I have a huge job (about 750) t shirts and I am looking for a good reliable place to have transfers made up, any one know of a place, and how hard is it to get your design to them and a quote?


----------



## Rodney (Nov 3, 2004)

The companies on the list of vendors here are reliable: http://www.t-shirtforums.com/plastisol-transfers/t77081.html

For turnaround times, it might be good to pick one close to where you live.

To get quotes you just have to visit their website and email them or call them on the phone. They usually need to see your artwork to give you an accurate quote.

I've used Transfer Express, F&M Expressions and Dowling Graphics with good results.


----------



## stone hawk (Aug 14, 2008)

Thanks so much Rodney I will check out these sites!


----------



## wormil (Jan 7, 2008)

If the 750 are all the same image I would sub it to a screenprinter which should be cheaper and definitely faster.

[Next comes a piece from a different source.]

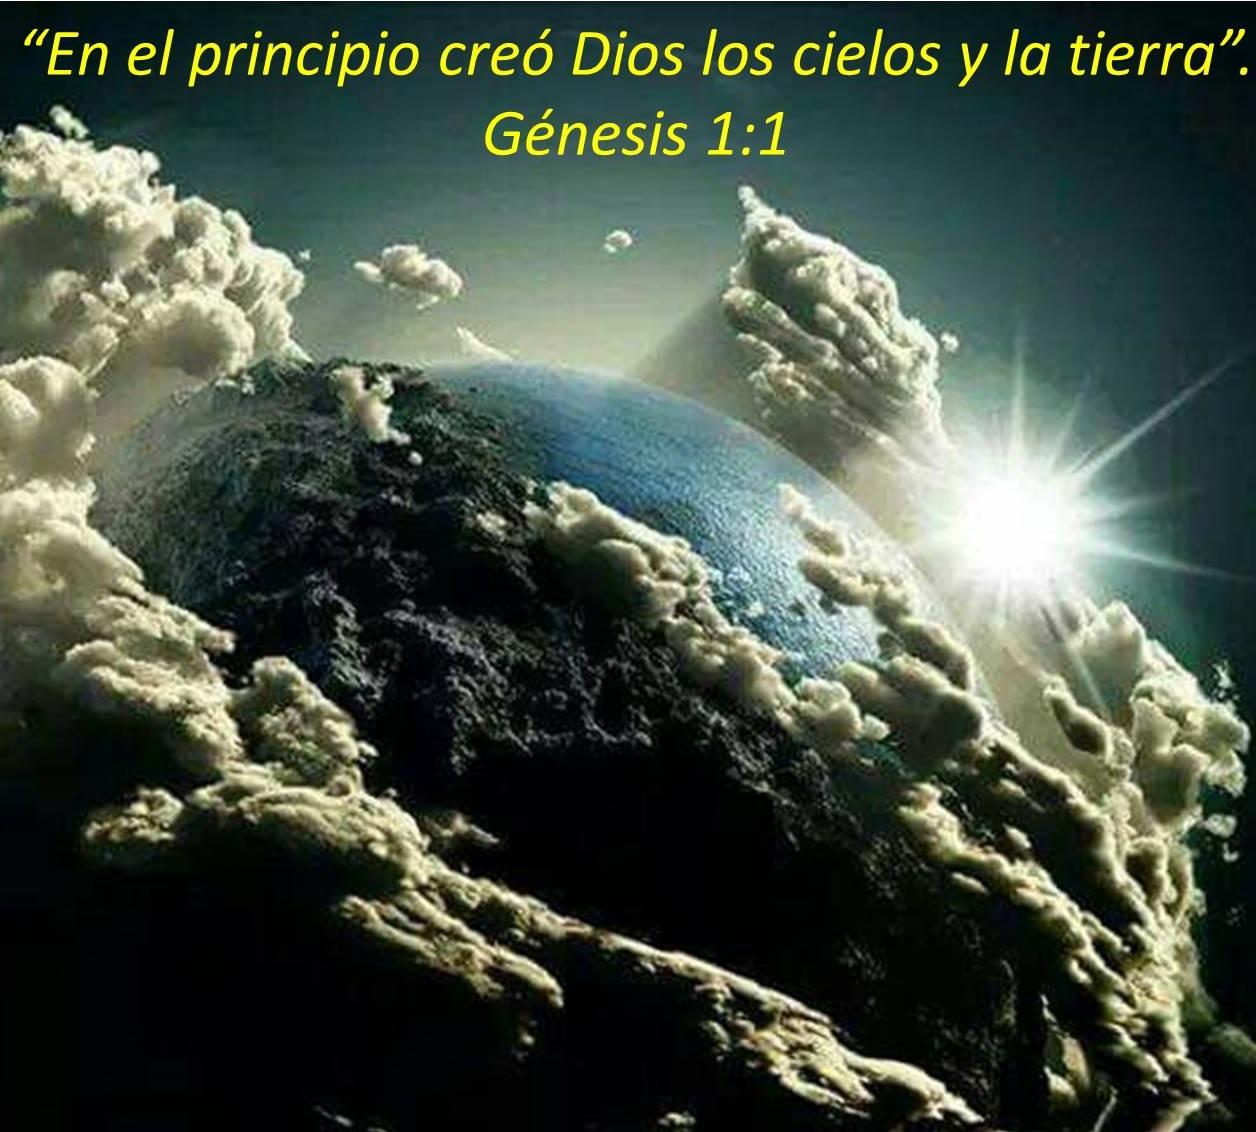 La historia de la creaci n g nesis 1 2 mundo b blico for En 7 dias dios creo el mundo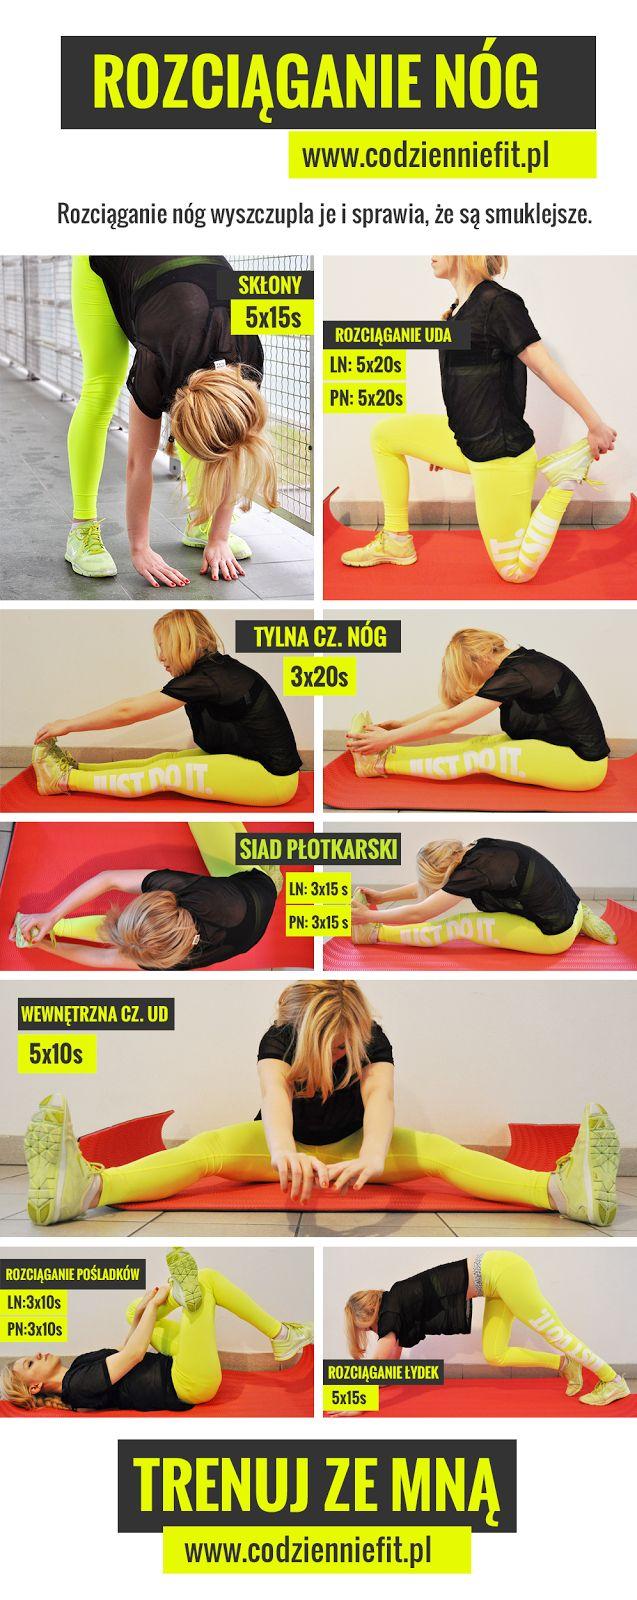 Rozciąganie nóg, ćwiczenia na rozciąganie

That said, to date the only transfer maker I've used that has been 100% reliable is F&M although I have not used all of them.


----------



## MDsUnique (Nov 19, 2009)

I spoke to F&M today asking about a full color design for the back of a t-shirt (approx. 9x12) and they said that their full color process might feel "heavy." Does any one have an opinion about this?


----------



## franktheprinter (Oct 5, 2008)

Hi. You should try ordering samples first from any company that you might consider
purchasing from...if they are worth their salt then you should get a sample pack from
them quickly and you can gage for yourself the quality and go from there...


----------



## miktoxic (Feb 21, 2008)

save time and money and sub it out to a screenprinter like rick said. pressing 750 shirts with heat press is crazy.


----------